What the MIT License actually covers
Axios is released under the MIT License. It grants permission to “use, copy, modify, merge, publish, distribute, sublicense, and/or sell copies of the Software” with one condition: include the copyright notice and the license text itself. That is the entire enforcement surface. Legal analysis of MIT License enforcement confirms what the text makes obvious: there is no revocation clause, no use-case restriction, no clause that terminates on misuse. The grant is irrevocable and abuse-blind by design.

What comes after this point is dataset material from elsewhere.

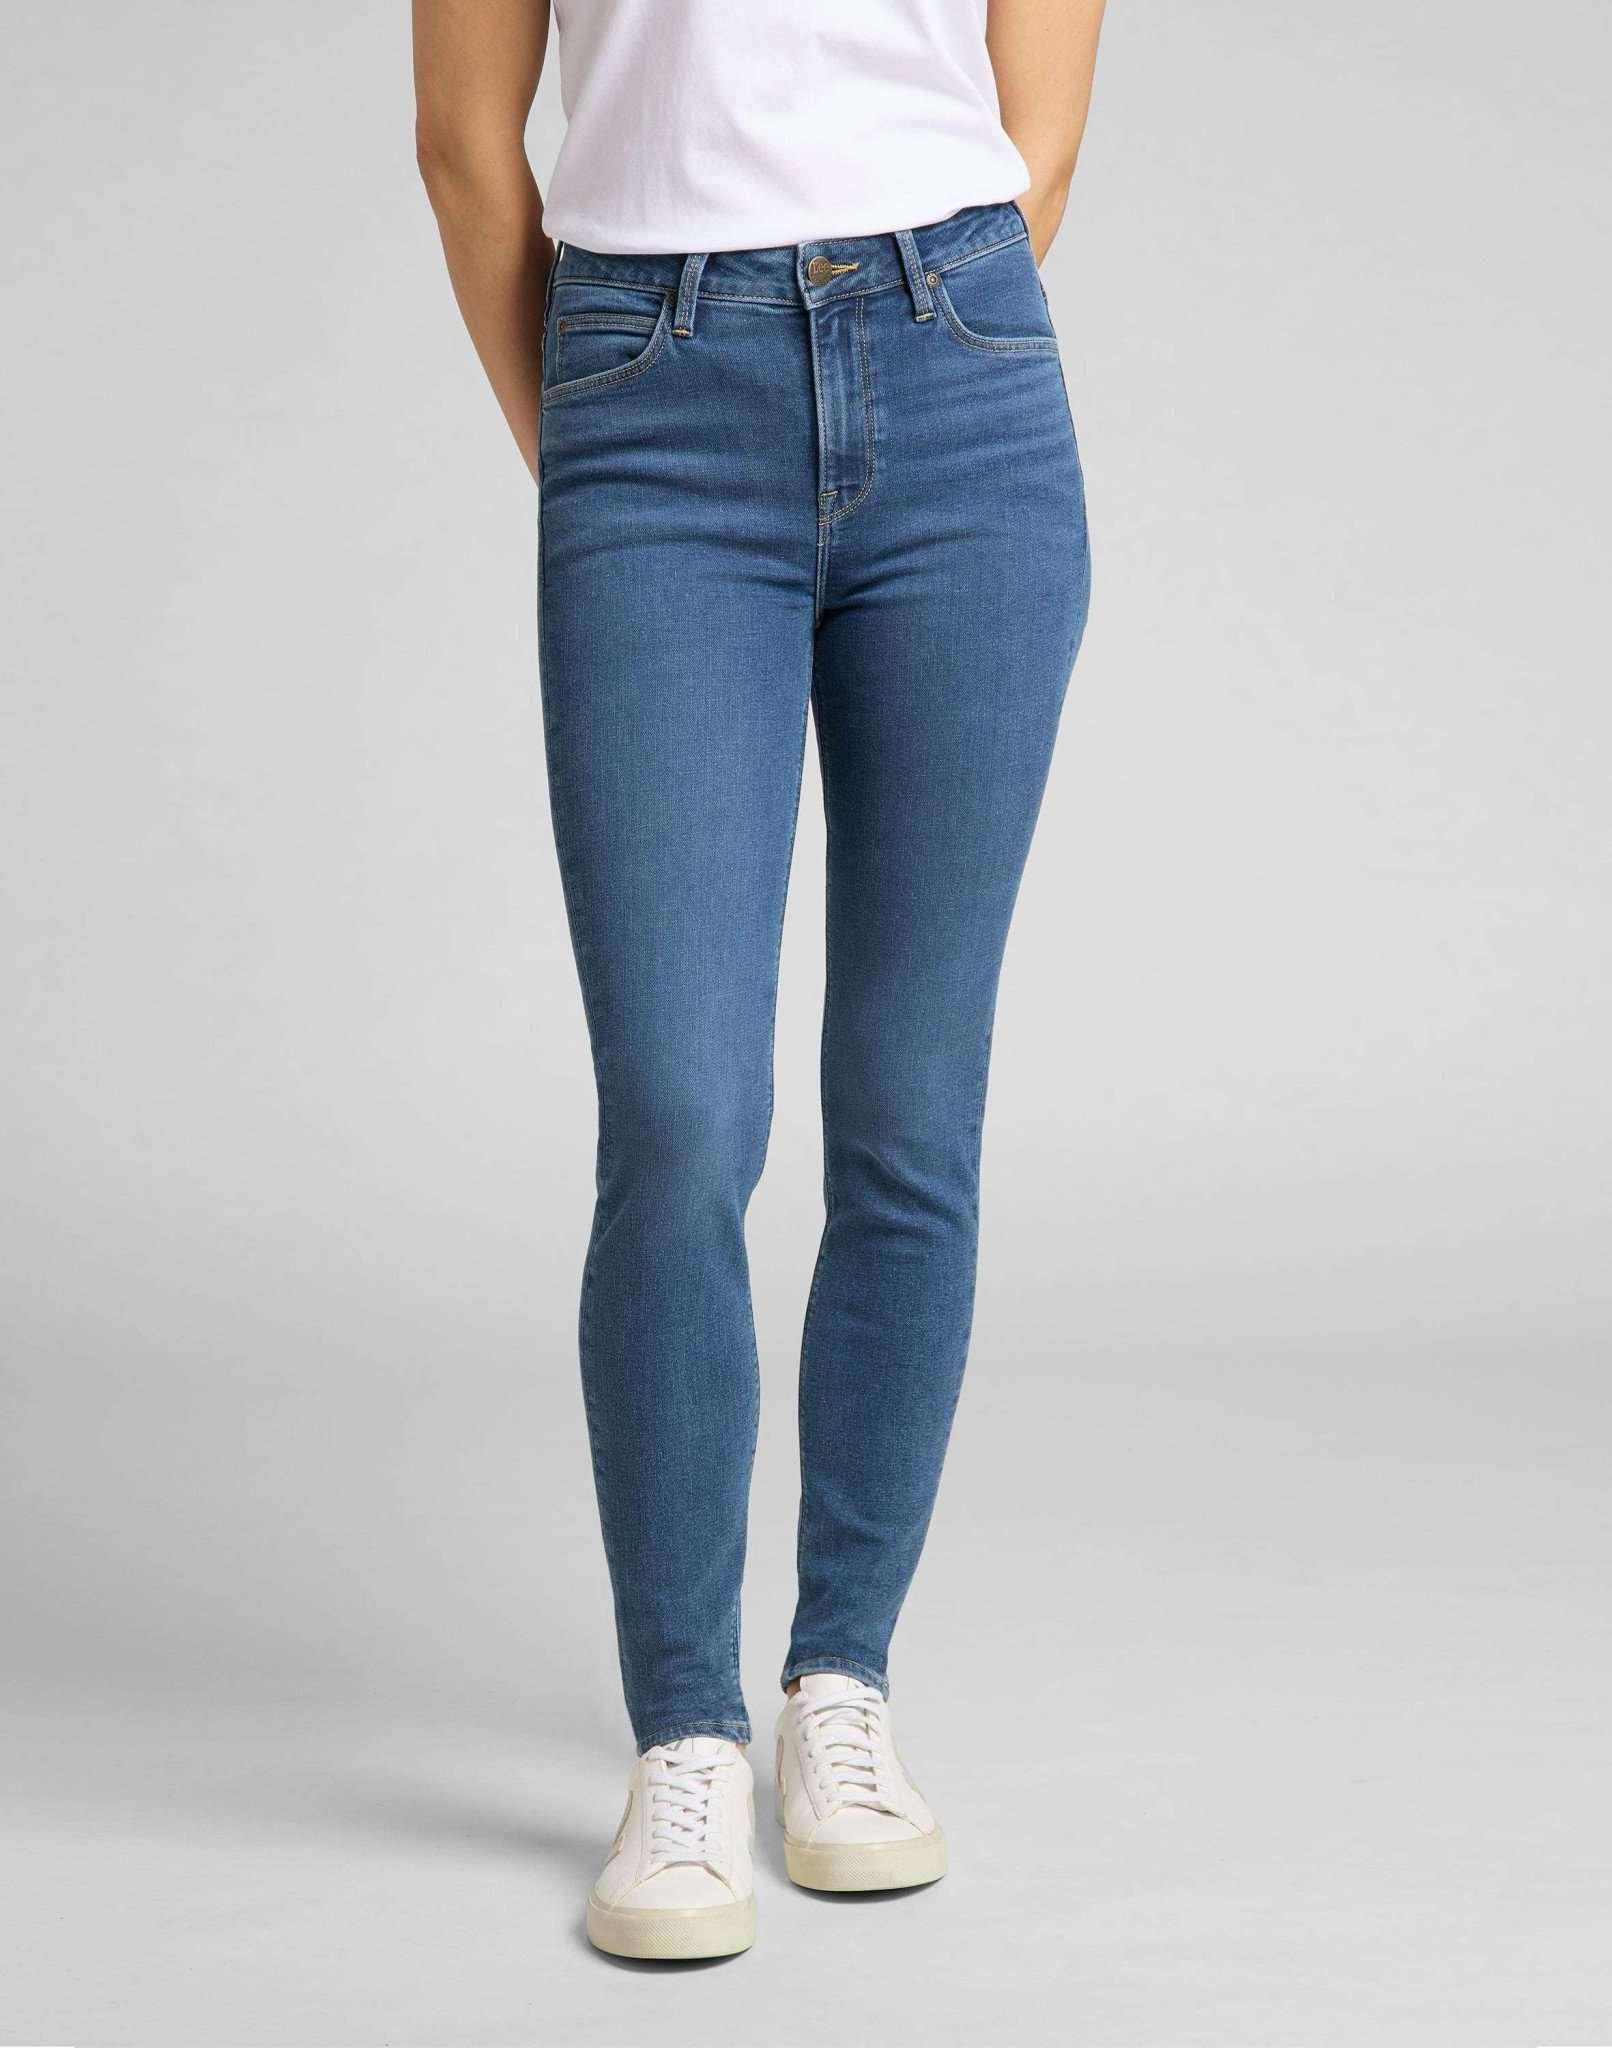 Jeans Skinny Fit Scarlett High Damen Blau Denim L33/W27 von Lee
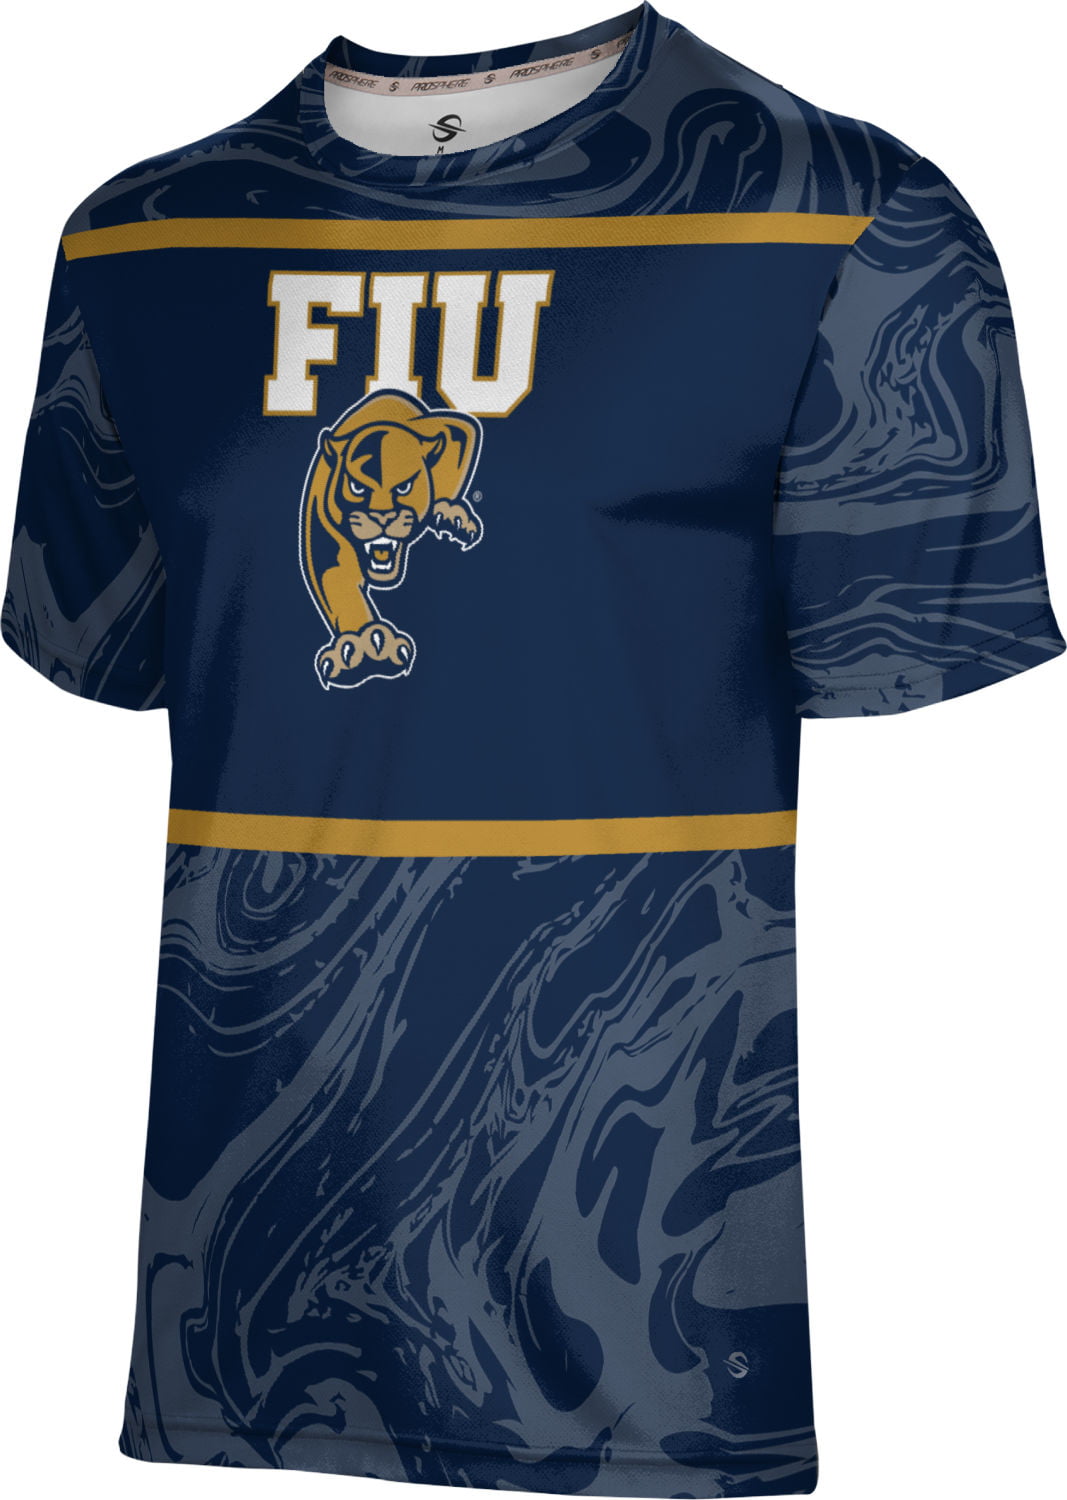 Ripple ProSphere University of Central Florida Boys T-Shirt

This is not a bug in the license. It is the license. The MIT License was written to minimize friction for downstream use. The tradeoff, which most maintainers accept without thinking about the edge case, is that “downstream use” includes use by people building phishing operations, credential harvesters, or RAT distribution infrastructure. The license does not distinguish between “integrate into a SaaS product” and “repackage into a supply-chain weapon,” because it was never written to make that distinction.
MIT’s own Technology Licensing Office acknowledges that certain open-source license terms carry specific restrictions and that some licenses are “untenable for MIT to use,” depending on the risk profile. The subtext: the license you choose for your weekend project and the license a university chooses for its patent portfolio are solving different problems. A solo maintainer publishing to npm is usually not thinking about either.
The three levers that actually exist
If your permissively-licensed code ends up inside a phishing tool or a compromised package, the license itself gives you nothing. But that does not mean you have zero options. Three mechanisms sit outside the copyright grant, and each works differently.
Trademark policy. The MIT License covers copyright. It does not cover trademark. You cannot use the MIT License to stop someone from distributing your code, but you can, in many jurisdictions, stop them from calling it by your project’s name if you have a registered trademark or established common-law rights. The legal analysis identifies this as the most practical lever: the license lets them ship the code, but trademark law can prevent them from using your name, logo, or brand identity to lend credibility to the misuse. For a supply-chain attack like Axios, where trust in the package name is the entire vector, this is not nothing.
Acceptable-use addenda. Some projects layer a separate acceptable-use policy on top of the open-source license. The license governs copyright. The use policy governs behavior. The Hacker Ethic 2.0 license and the Hippocratic License are examples of this approach. They do not revoke the copyright grant, but they attach contractual conditions to specific use cases (surveillance, weapons, harassment infrastructure). The enforcement model is untested in court, and the OSI does not consider such licenses “open source” by its definition, which is the point of tension.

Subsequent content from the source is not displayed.